IF 0.3 Q4 MATHEMATICS, APPLIED Pub Date : 2023-02-10 DOI: 10.37791/2687-0649-2023-18-1-82-95
V. Rozhkov, K. Krutikov, V. V. Fedotov, S. G. Butrimov
In the article, using MatLab dynamic simulation modeling, a study was made of the excitation systems of powerful synchronous generators of stationary diesel generator sets, which are the main sources of emergency power supply for nuclear power plants. The optimal structural complexity mathematical model of a synchronous machine in relative units and orthogonal synchronous coordinate system is used. A comprehensive simulation of diesel generator sets was carried out with the reproduction of both the dynamics of the automatic control system for excitation of a synchronous generator and the diesel engine control system. The simulation takes into account the features of starting a diesel generator to accelerate a synchronous machine, its initial excitation from a battery. Particular emphasis is placed on the study of self-excitation modes through a transformer connected to the stator circuit of the generator and a thyristor rectifier with an excitation winding as a load, as well as parallel operation with the power system. As a result, the processes of starting a diesel generator set in idle mode, effective self-excitation, autonomous operation of the generator at idle, and applying a load to the generator up to the values of permissible overload were simulated. The work of all channels of the control system is shown, including the signals of the regulators of the automatic control system and mechanical variables that are inaccessible in practice. The adequacy of the developed model is proved by comparison with a real physical experiment when testing a diesel generator at a nuclear power plant. The possibility of using the model developed in MatLab as a virtual test site for testing a diesel generator set and a computer simulator for specialized engineering personnel of a nuclear power plant is demonstrated.
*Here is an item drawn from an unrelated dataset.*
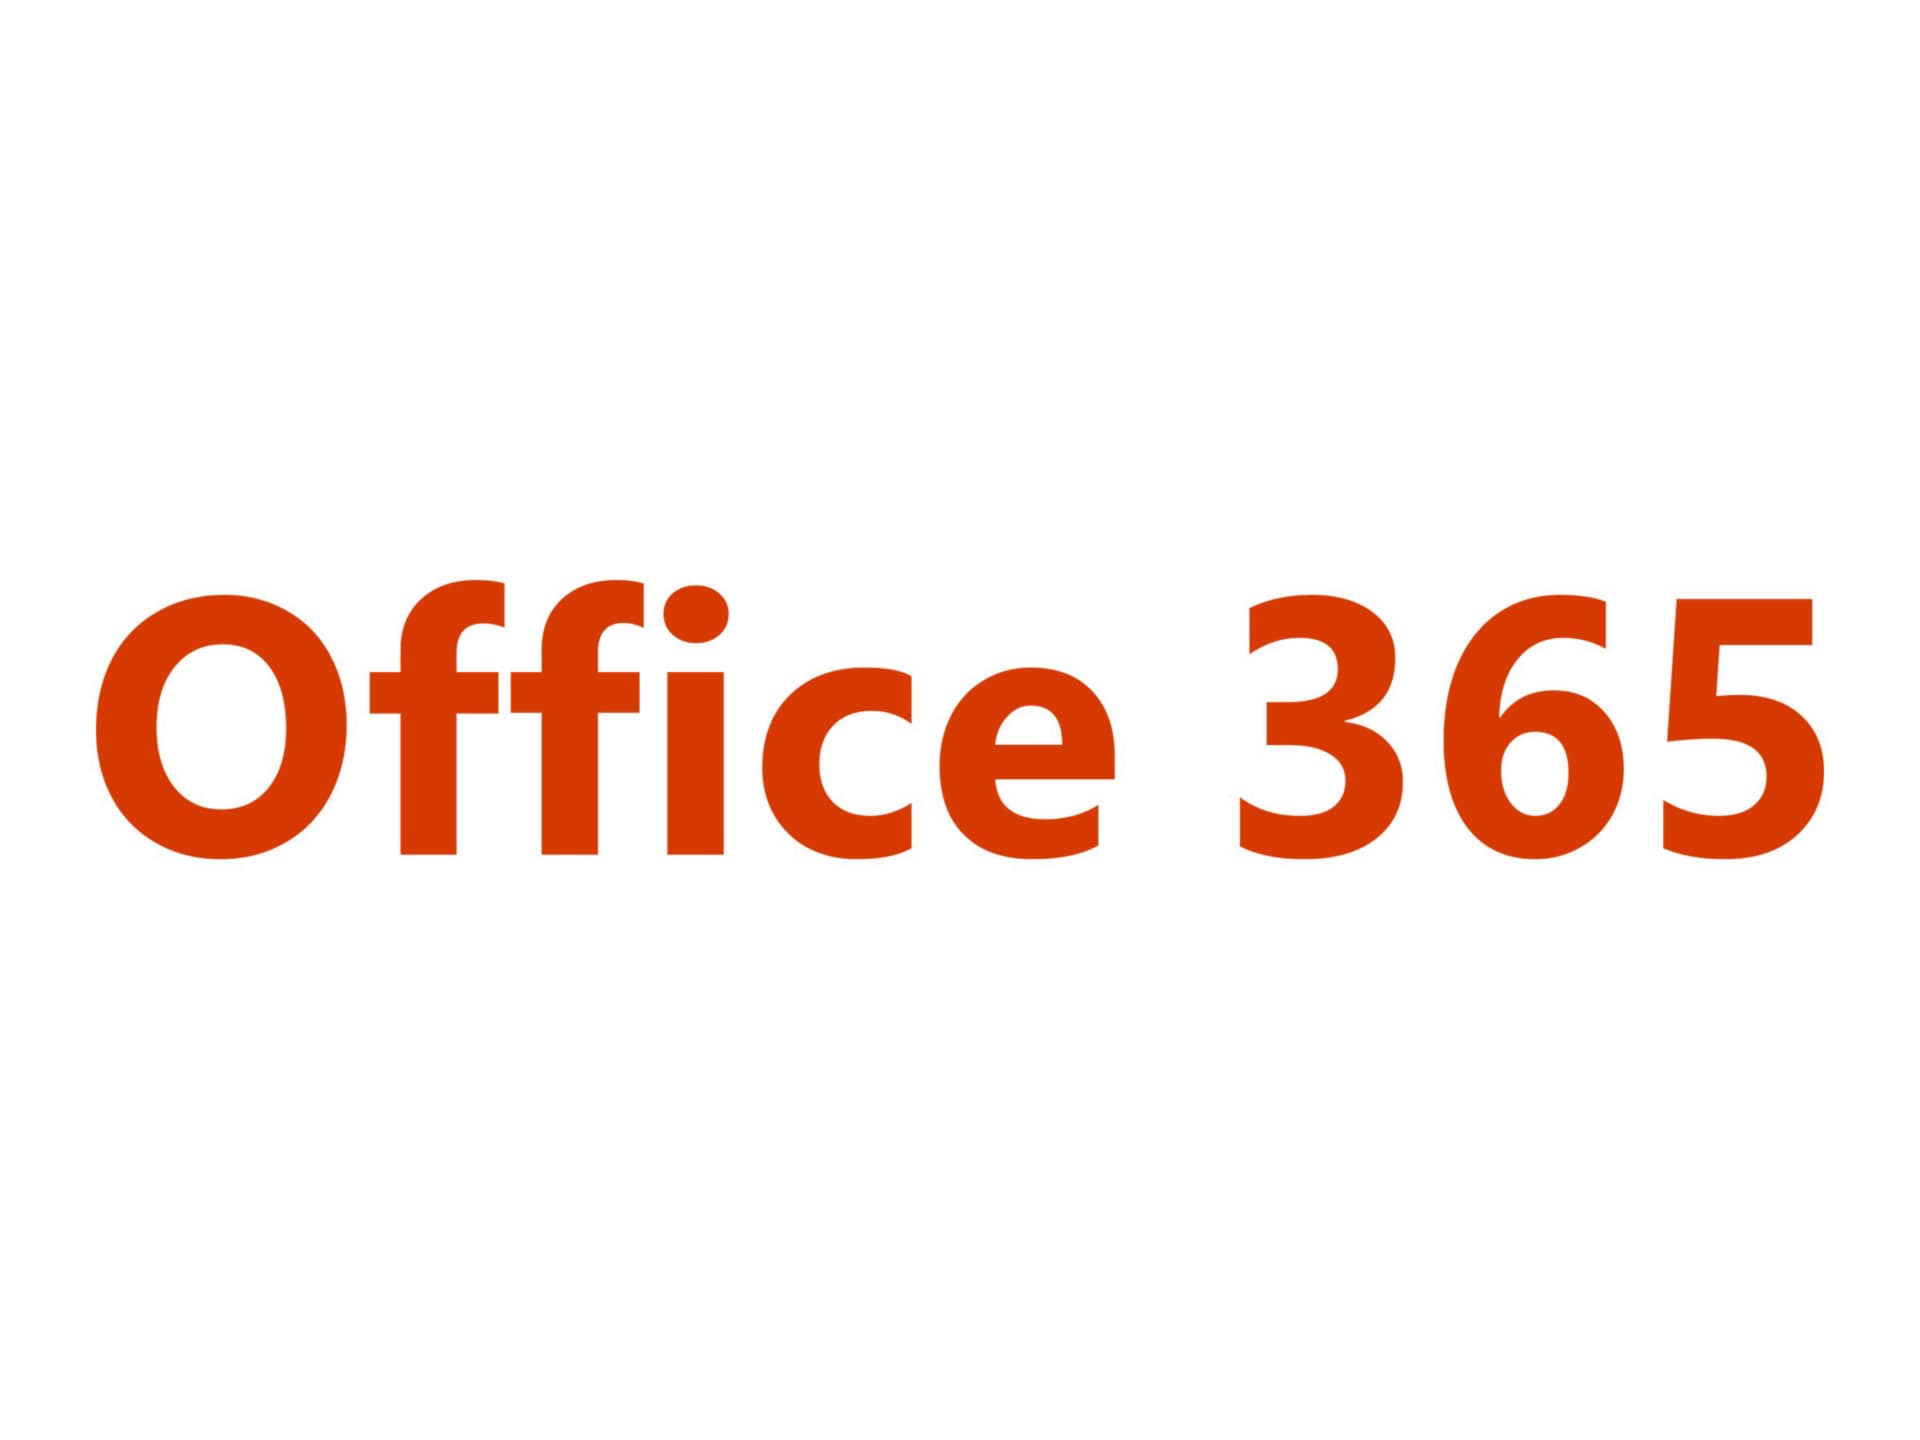 Microsoft Office 365 Advanced Threat Protection Plan 2 - step-up subscripti
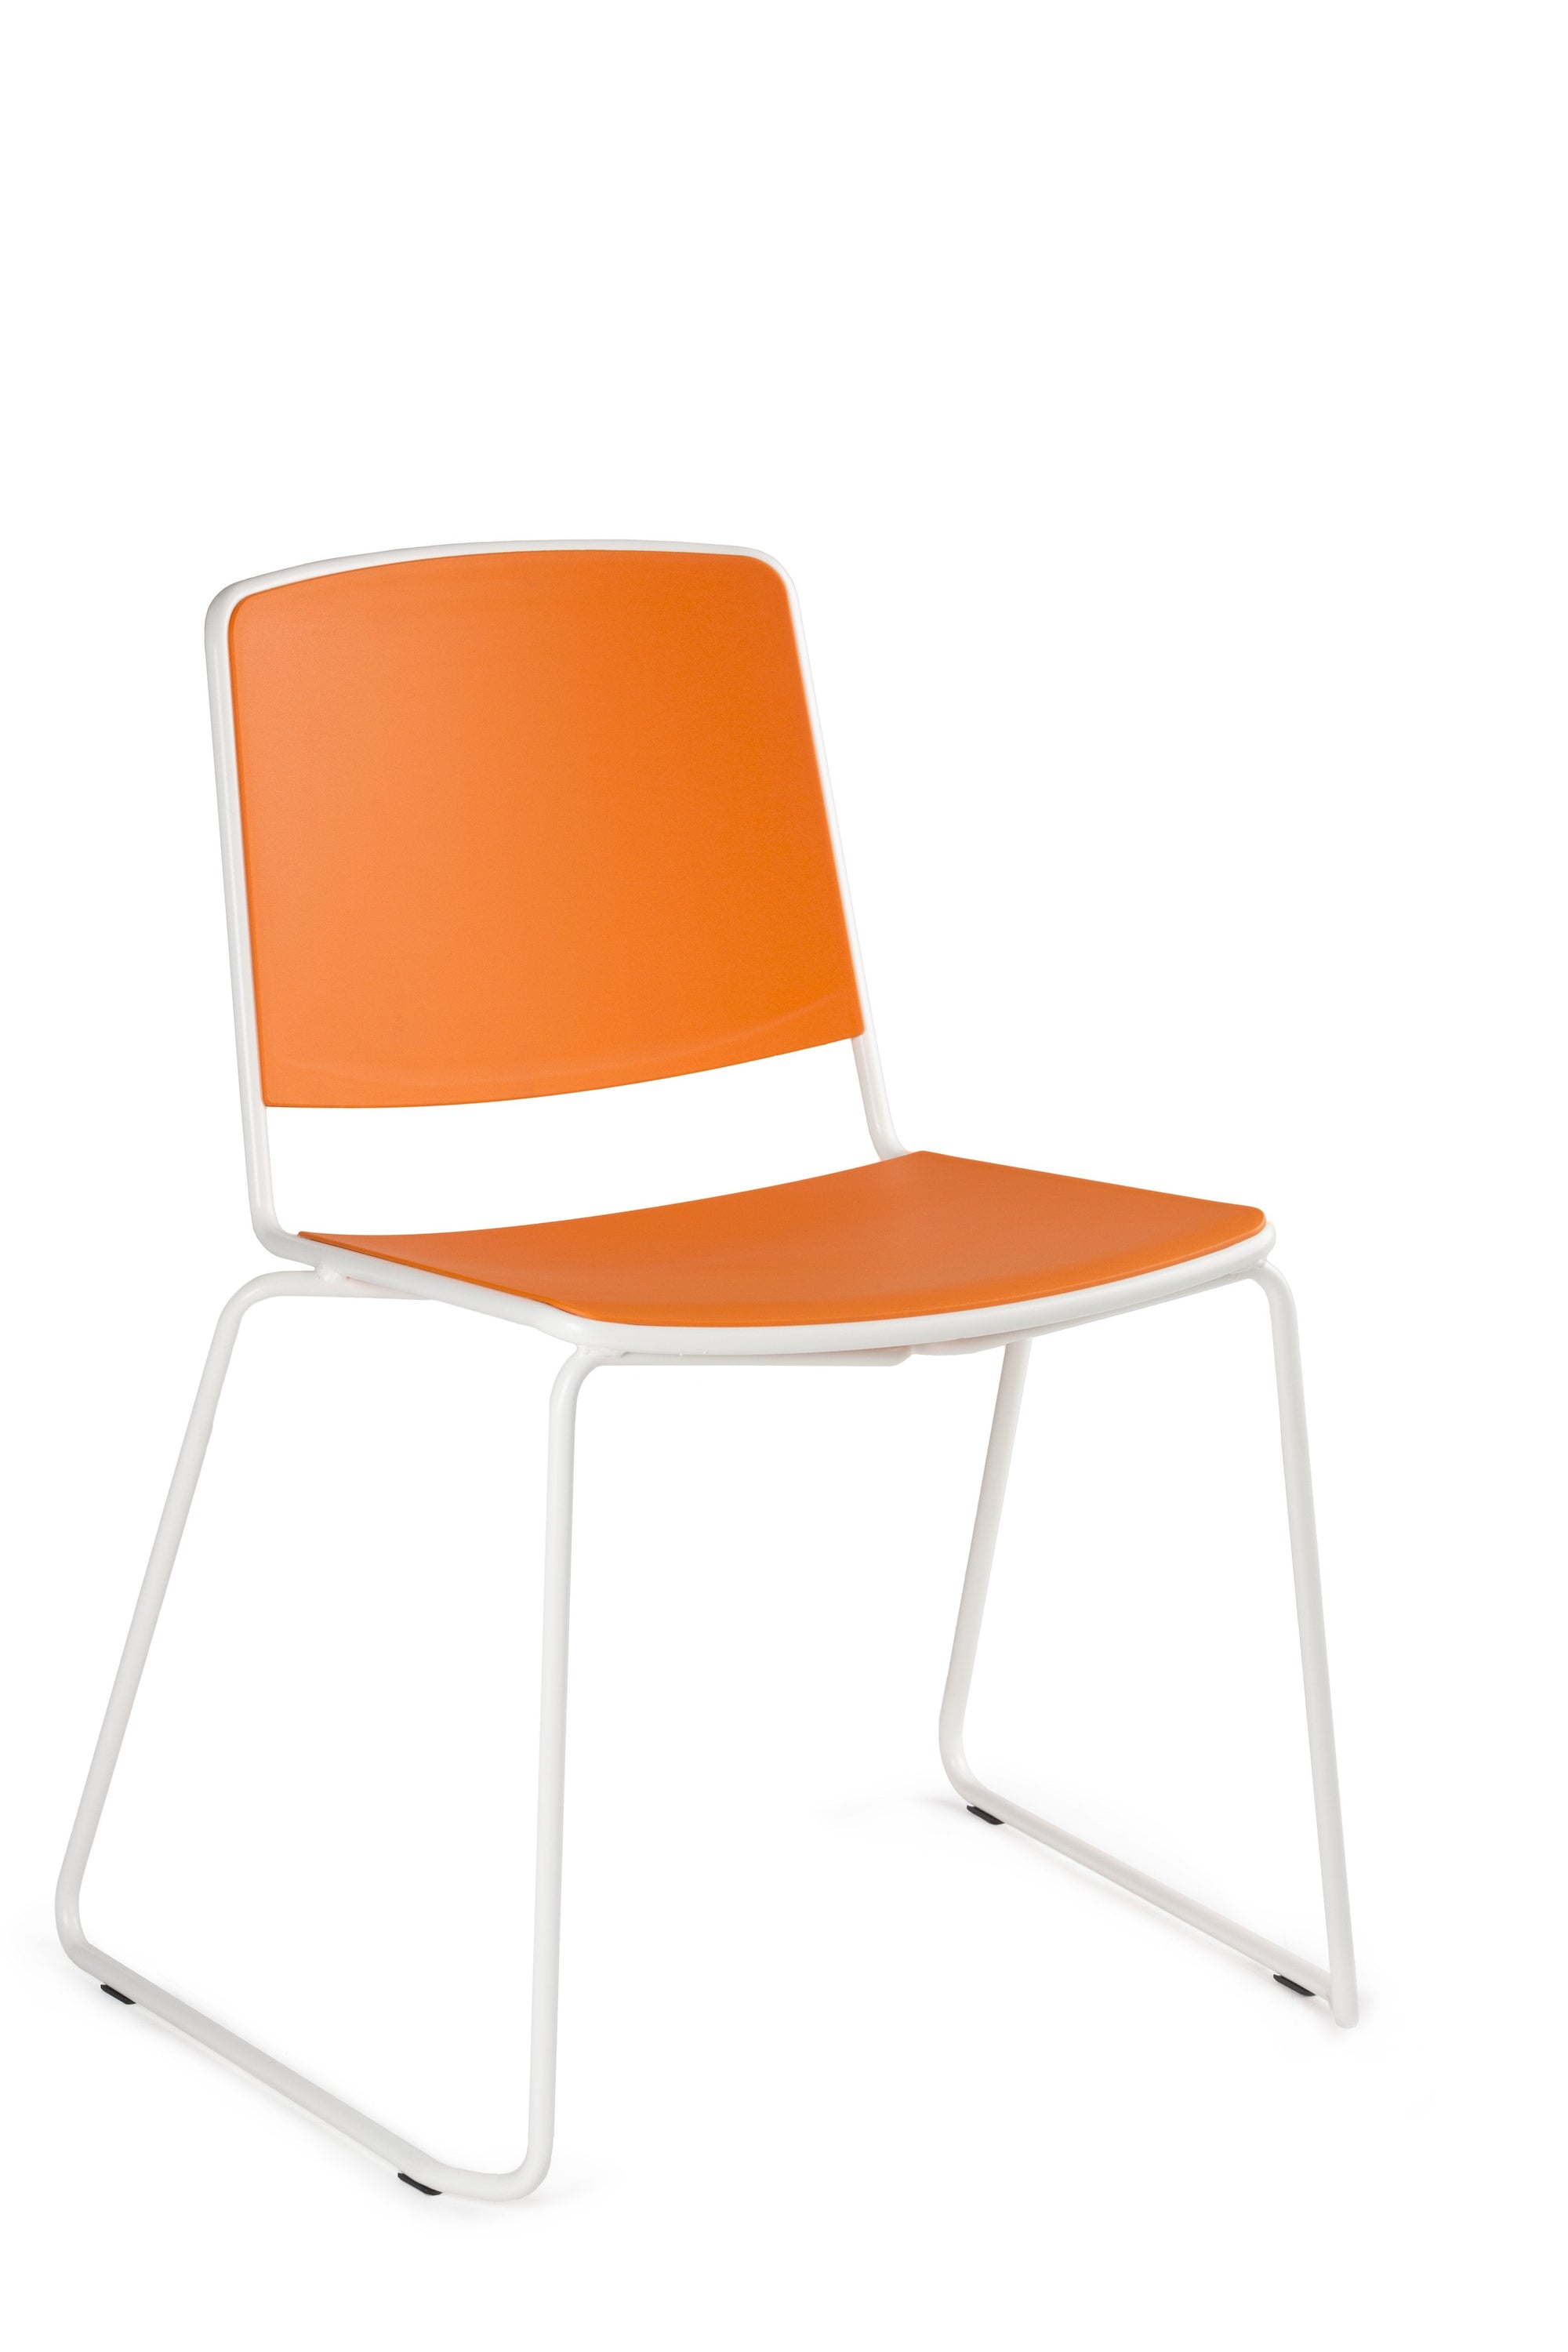 Vea 5100 Side Chair c/w Sled Legs-Mara-Contract Furniture Store

本文利用MatLab动态仿真建模,对作为核电站应急电源主要来源的固定式柴油发电机组大功率同步发电机励磁系统进行了研究。采用相对单位和正交同步坐标系下的同步电机最优结构复杂度数学模型。对柴油发电机组进行了综合仿真,再现了同步发电机励磁自动控制系统和柴油机控制系统的动力学特性。该仿真考虑了启动柴油发电机加速同步电机的特点,其初始励磁来自于蓄电池。特别强调的是通过连接到发电机定子电路的变压器和励磁绕组作为负载的晶闸管整流器,以及与电力系统并联运行的自激模式的研究。模拟了柴油发电机组怠速起动、有效自激、怠速自主运行、发电机负荷达到允许过载等过程。显示了控制系统的所有通道的工作,包括自动控制系统的调节器的信号和在实践中无法接近的机械变量。通过与实际物理实验的比较,证明了所建模型的充分性。论证了利用MatLab开发的模型作为虚拟试验场对柴油发电机组进行测试和为核电站专业工程人员提供计算机模拟器的可能性。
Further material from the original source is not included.